▶ **WHAT THE TASK REQUIRES**:
Omitting all images, transcribe the listing word for word.

▶ **SUPPLIED INFORMATION**:
+ + + +

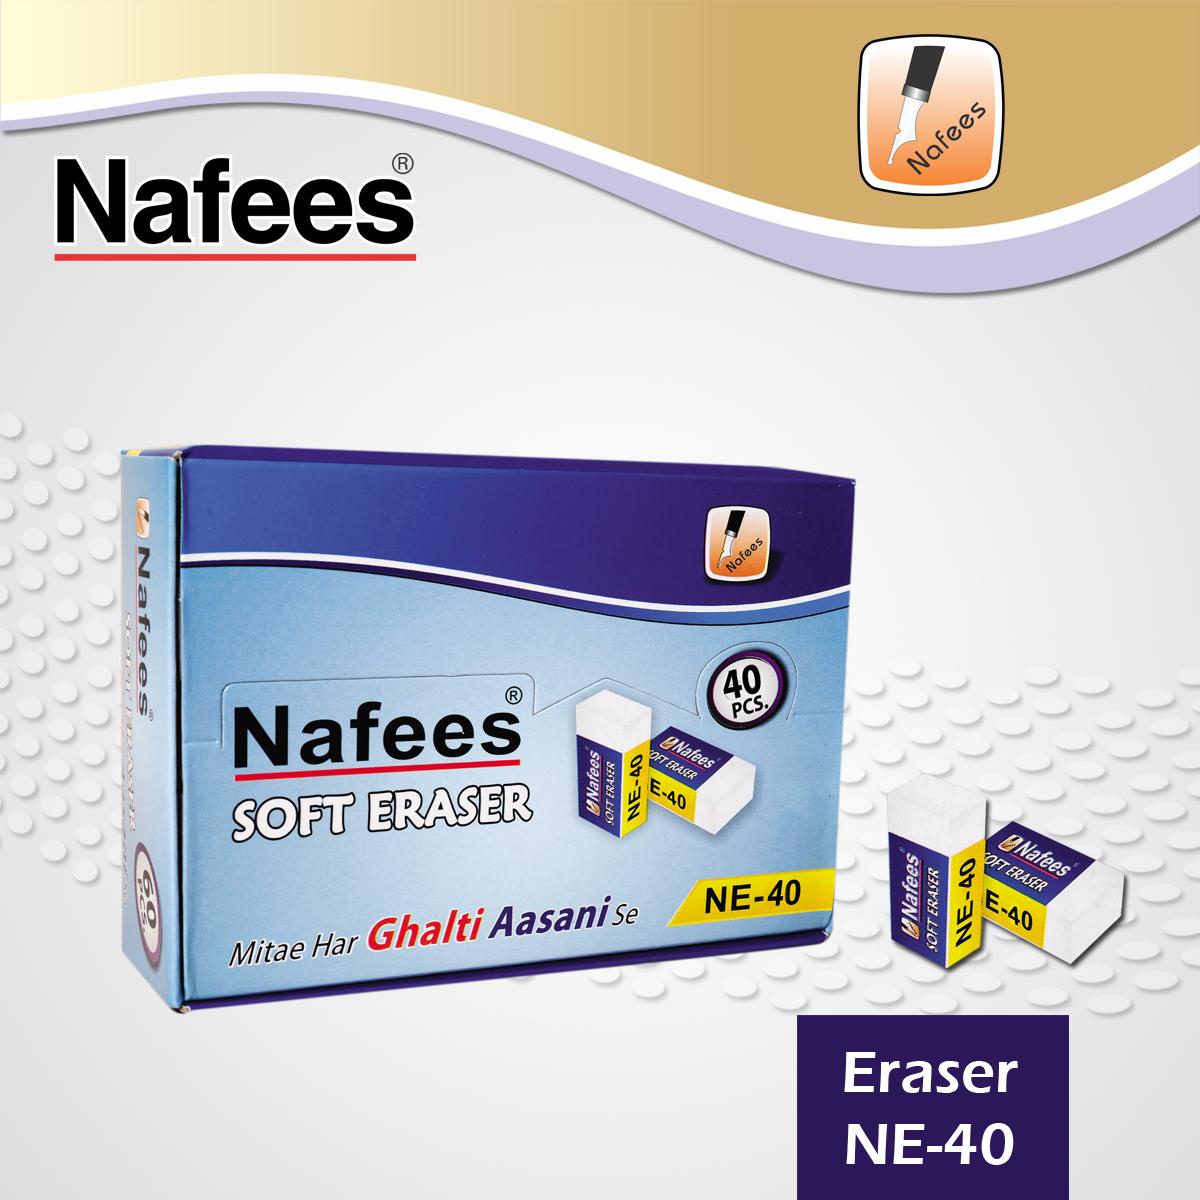 NE-40 Eraser
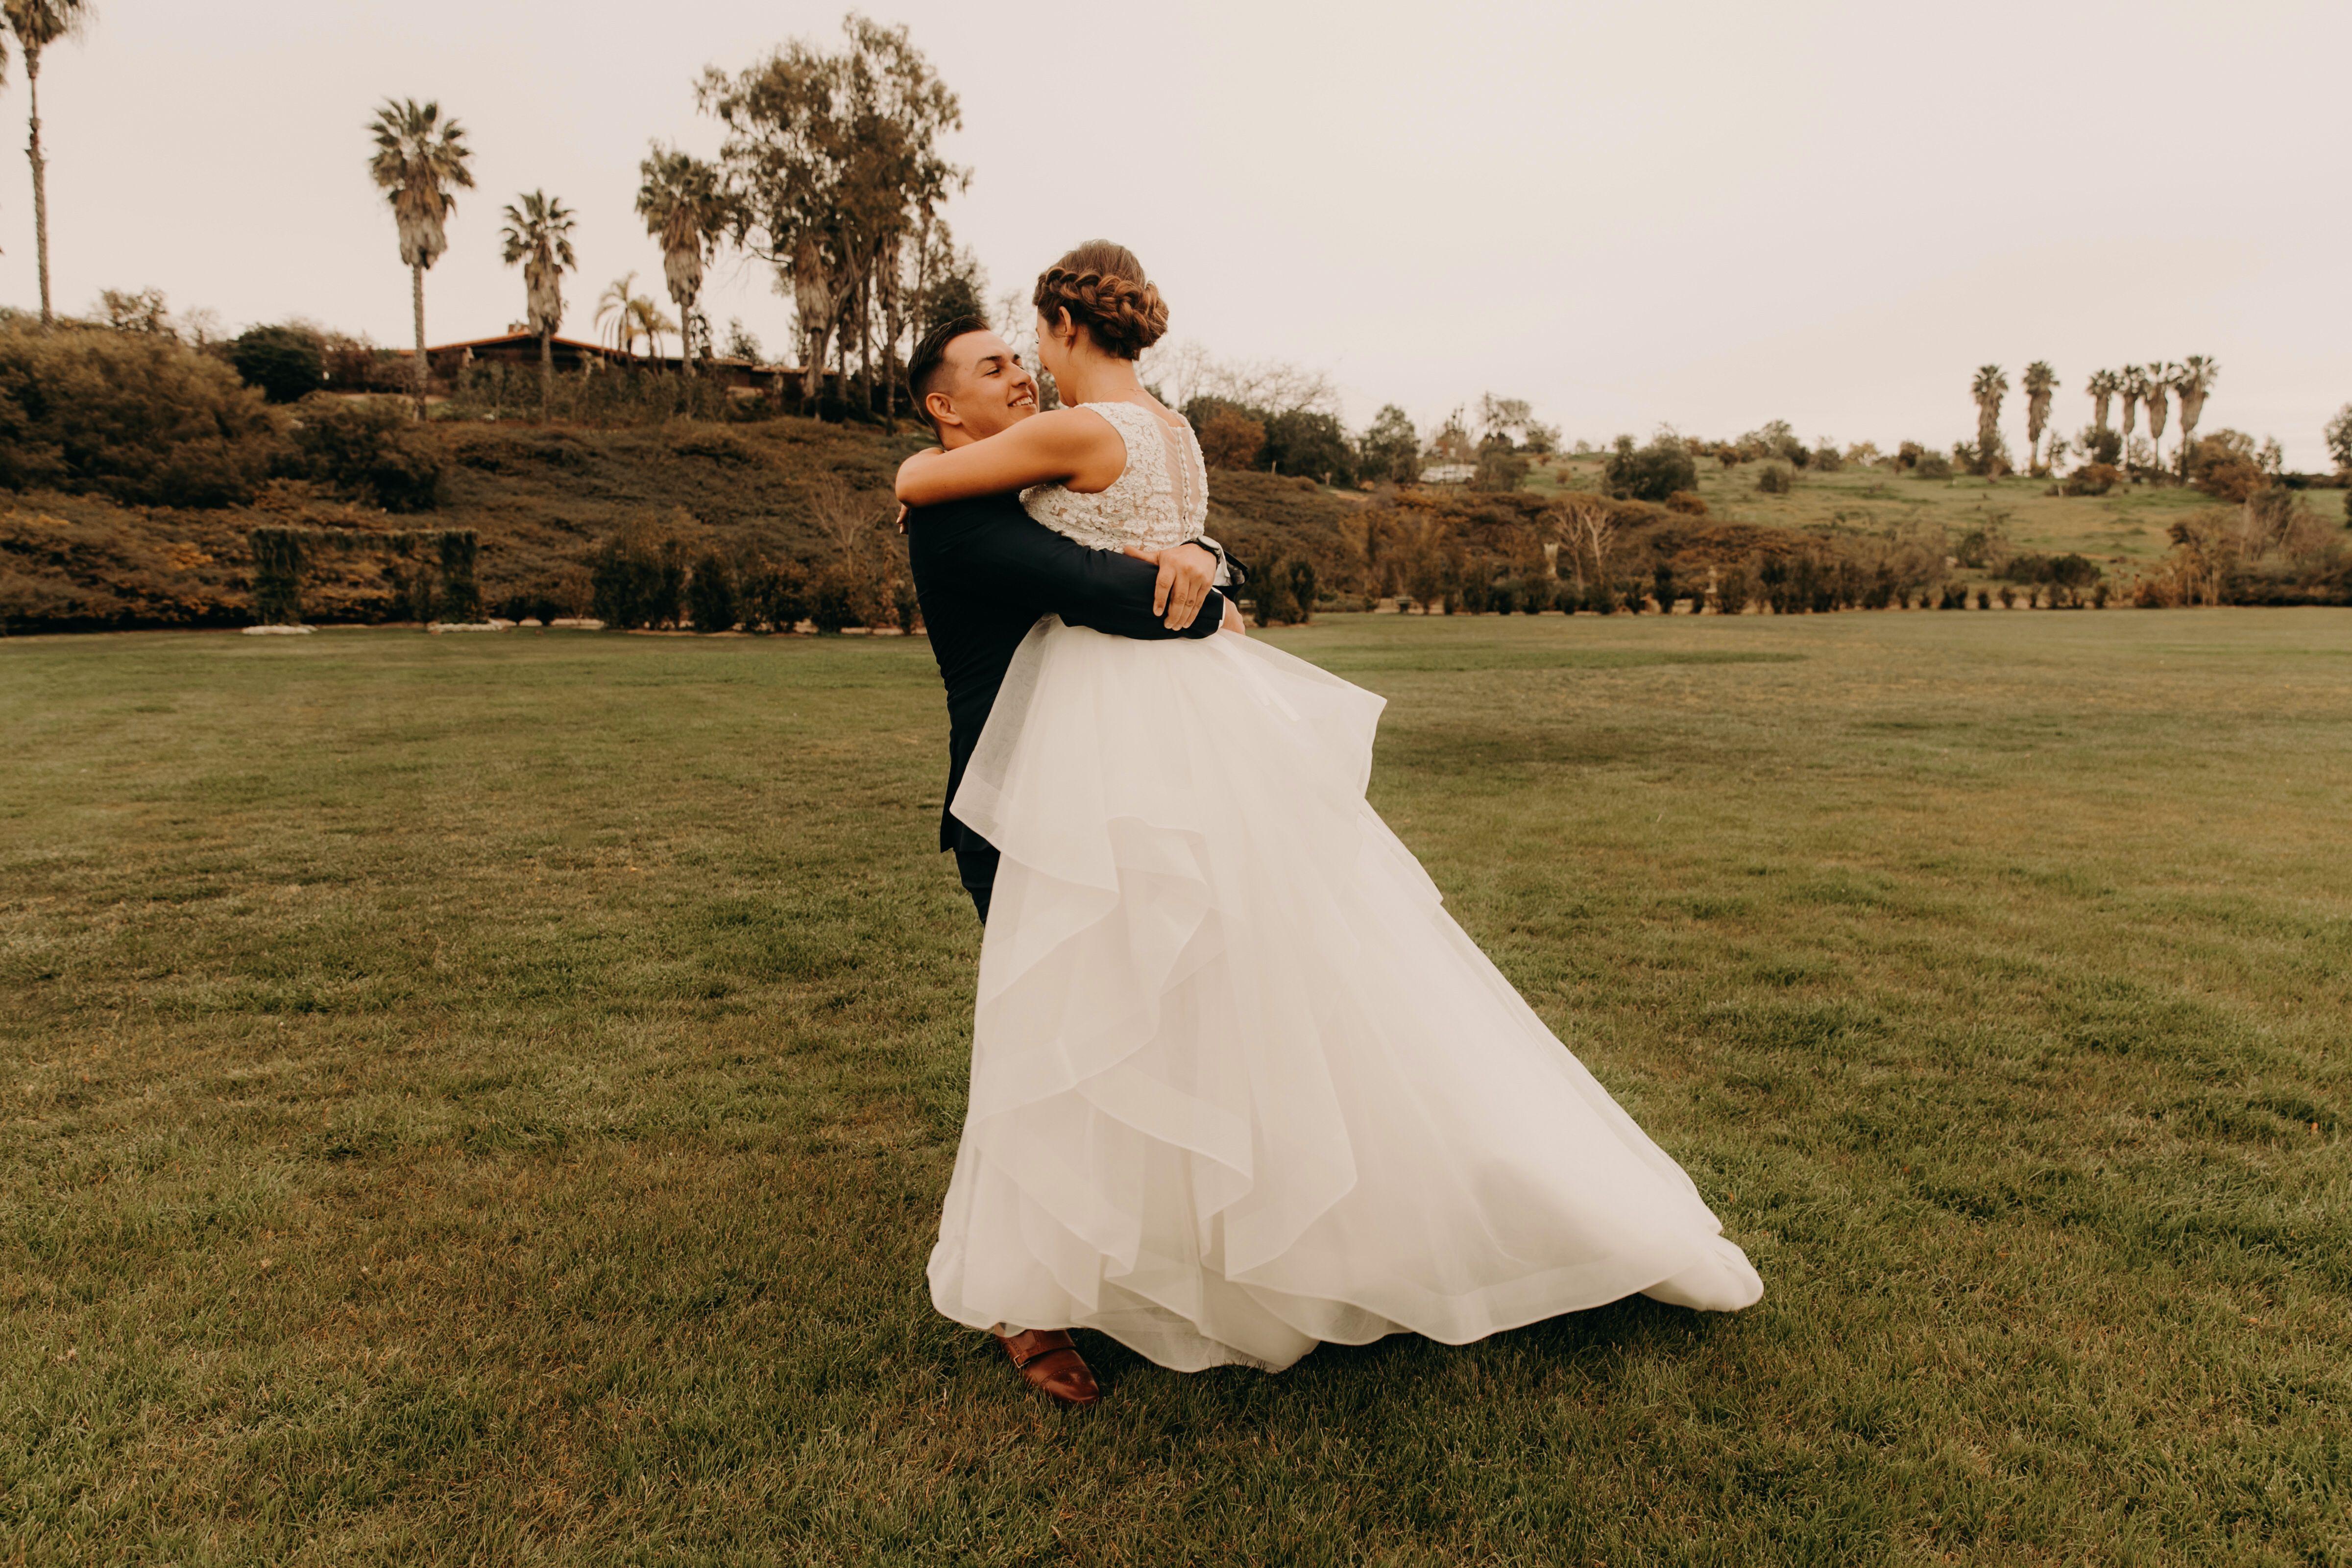 Orange County Wedding Photographer Ethereal Gardens Wedding San Diego Wedding Photography Orange County Wedding Photographer San Diego Wedding Venues
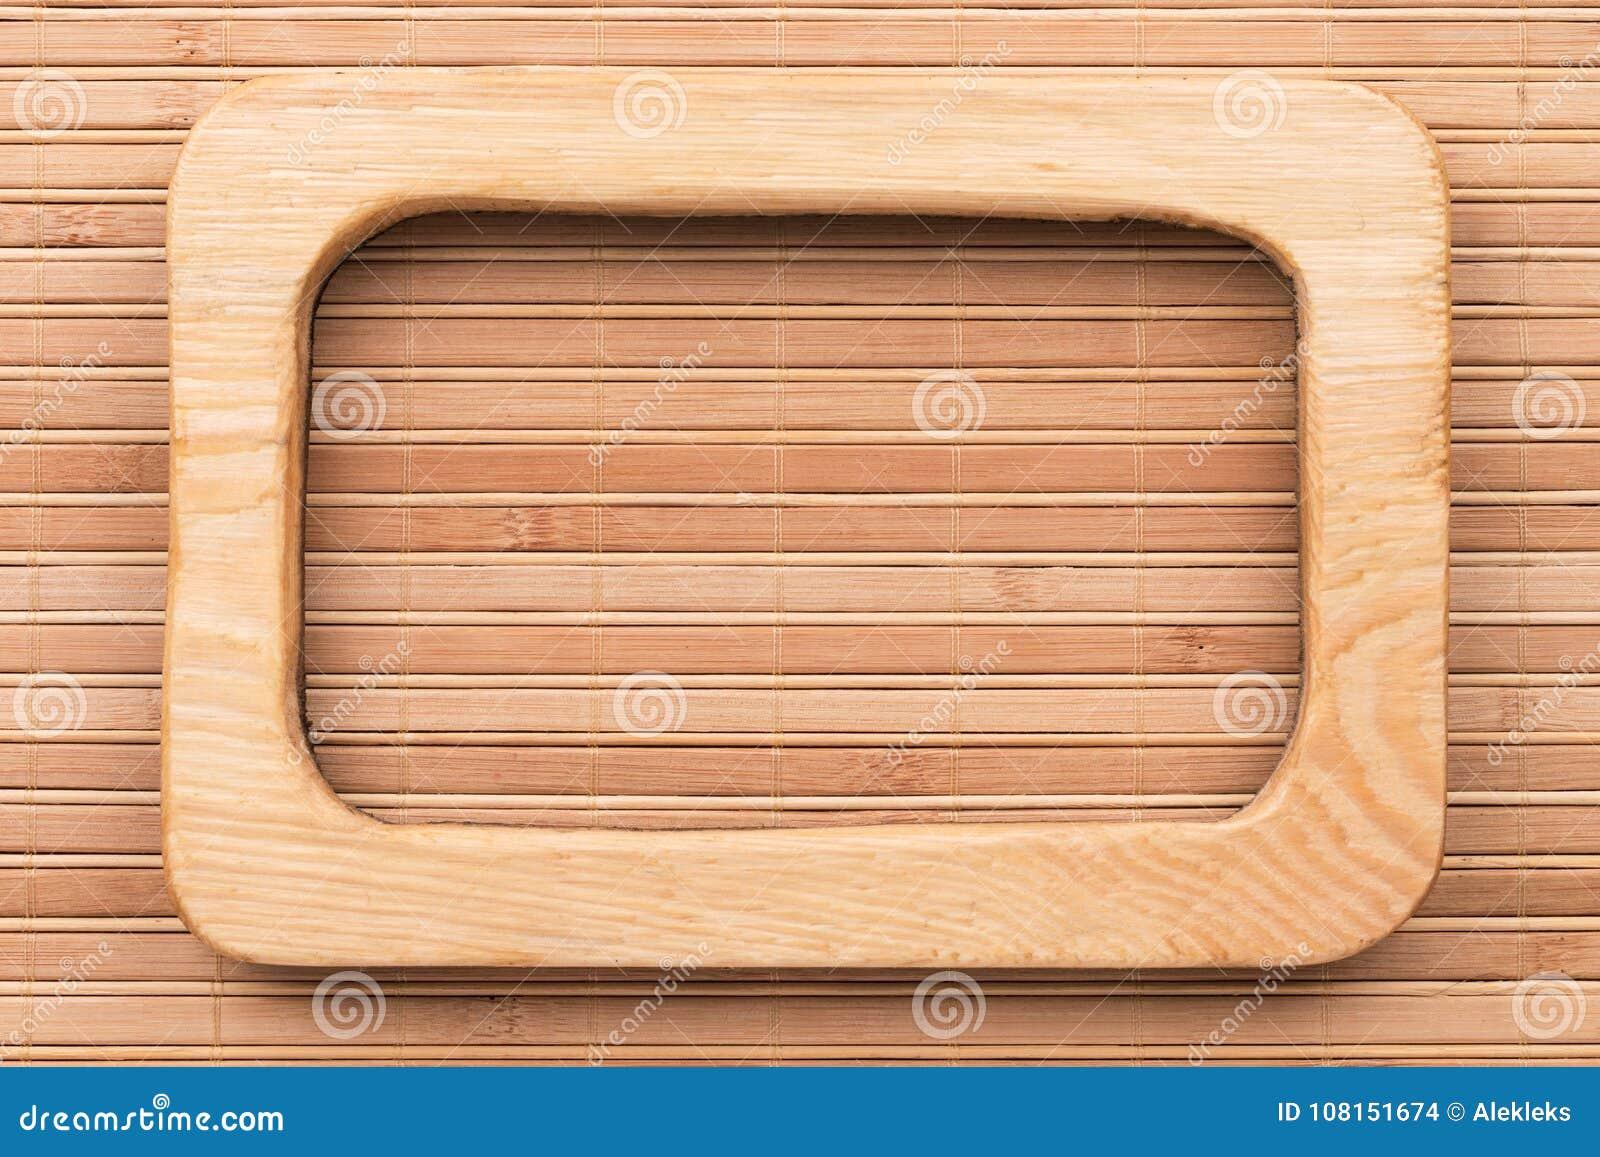 Beautiful One-piece Light Wooden Frame, Lies On Bamboo Mat. Stock ...

+ + + +

▶ **EXERCISE SOLUTION**:
 NE-40 Eraser
 Orange County Wedding Photographer Ethereal Gardens Wedding San Diego Wedding Photography Orange County Wedding Photographer San Diego Wedding Venues
 Beautiful One-piece Light Wooden Frame, Lies On Bamboo Mat. Stock ...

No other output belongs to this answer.